Lisbon: Museu Nacional do Azulejo
Sitting near the waterfront in Lisbon pondering where we should go next, I remembered our friends at The Travels of BBQBoy & Spanky had written a post about a tile museum in Lisbon and I remembered a particular photo they had posted that captured my attention. Let’s go there!
Entering the first hall, of tiled wall murals, at the Museu Nacional do Azulejo, I think we both let out a silent gasp of wonder.
After meandering through a few exhibition rooms and being awestruck at the detailed beauty and history of the colorful tiles, we turned the corner and entered a room that just took our breath away.
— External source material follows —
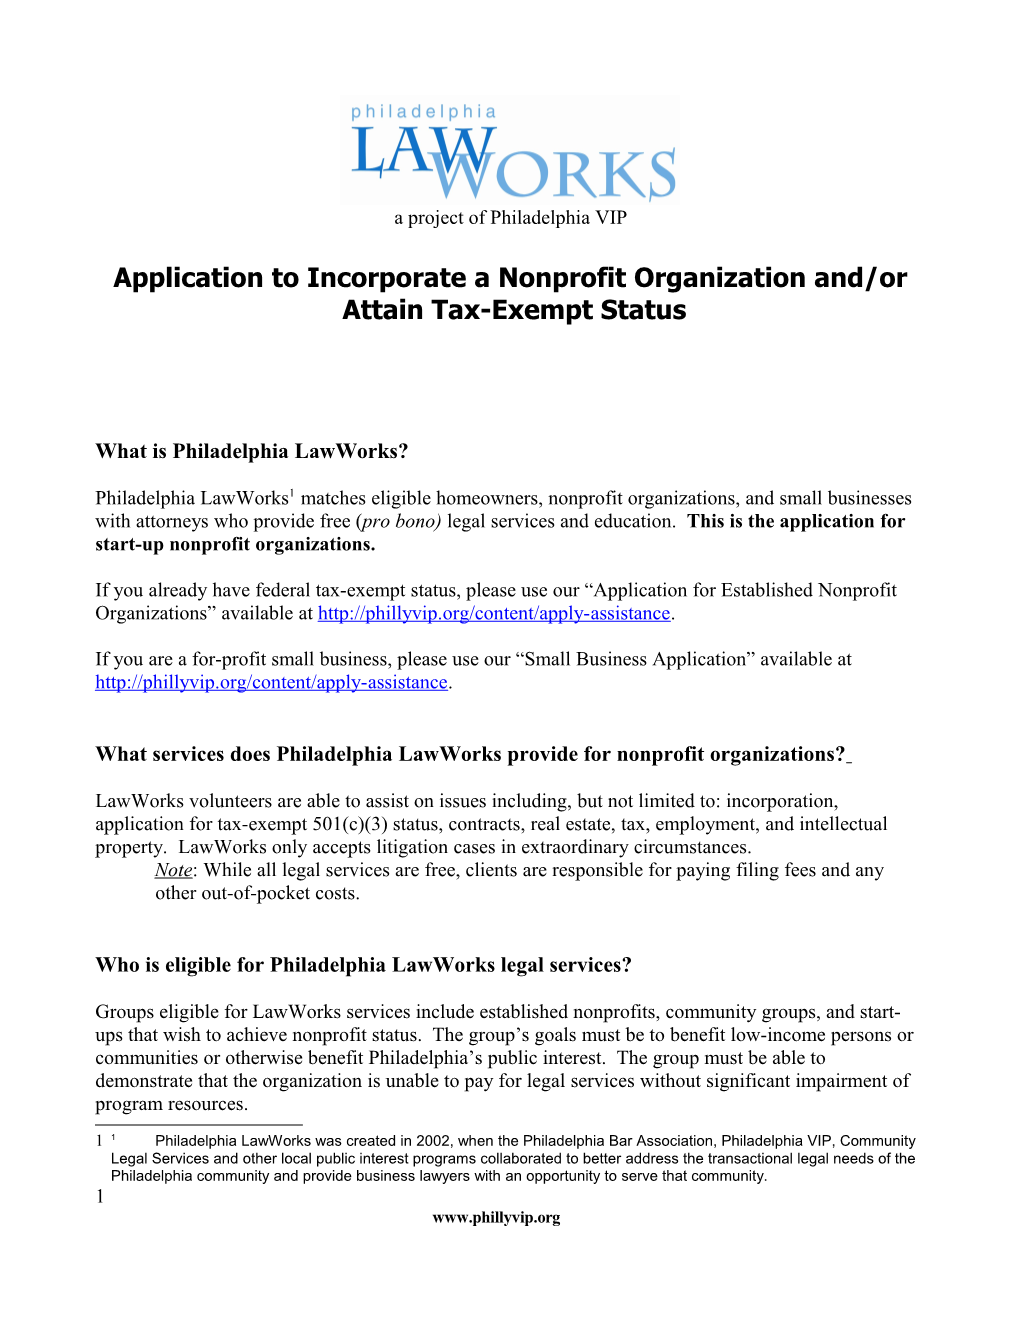 What Is Lawworks

I looked at Abi and said, “What is this place?” It was truly stunning.
Lucky us we struck up a conversation with a staff member, Luis, who was a wealth of knowledge and he was ready to share. As best I can remember the story goes a little like this. The museum is housed in a 16th century convent founded by Queen Leonor. The convent of Madre de Deus. It was somewhat common for the daughter of a noble family to enter the order, if they could not find a husband.
As you can see, this was no ordinary little church, attached to a convent, that just happened to be a part of the Queen’s household. But, back to the tile.
On the third floor there is a panoramic tile mural that once again left us awestruck. It is 1115 x 2347cm (120′) and depicts the city of Lisbon as it was before the great earthquake of 1755. It’s known as The Great View of Lisbon, circa 1700 and it is spectacular in it’s detail.
Here’s a fun tidbit. In the upstairs choir room there is a painting – a very large painting – of The Last Supper. Legend has it that it has been hanging in the choir for 500 years and if I remember correctly there is no artist’s signature. But, what’s fascinating is that you can clearly see where a figure has been “erased” for lack of a better word. Really something, right? Take a close look, and then do a Google search for da Vinci’s Last Supper and note the differences.
There are two sites one must see when visiting Lisbon. The Museu Nacional do Azulejo should not be missed, obviously, and the second must see is the Museu Nacional dos Coches. If you got to Lisbon for no other reason than to see these two museums, then you’d be good to go. They’re that good. It takes a bit of effort to get to both museums as they are on opposite ends of Lisbon but it is well-worth the time. You won’t regret it.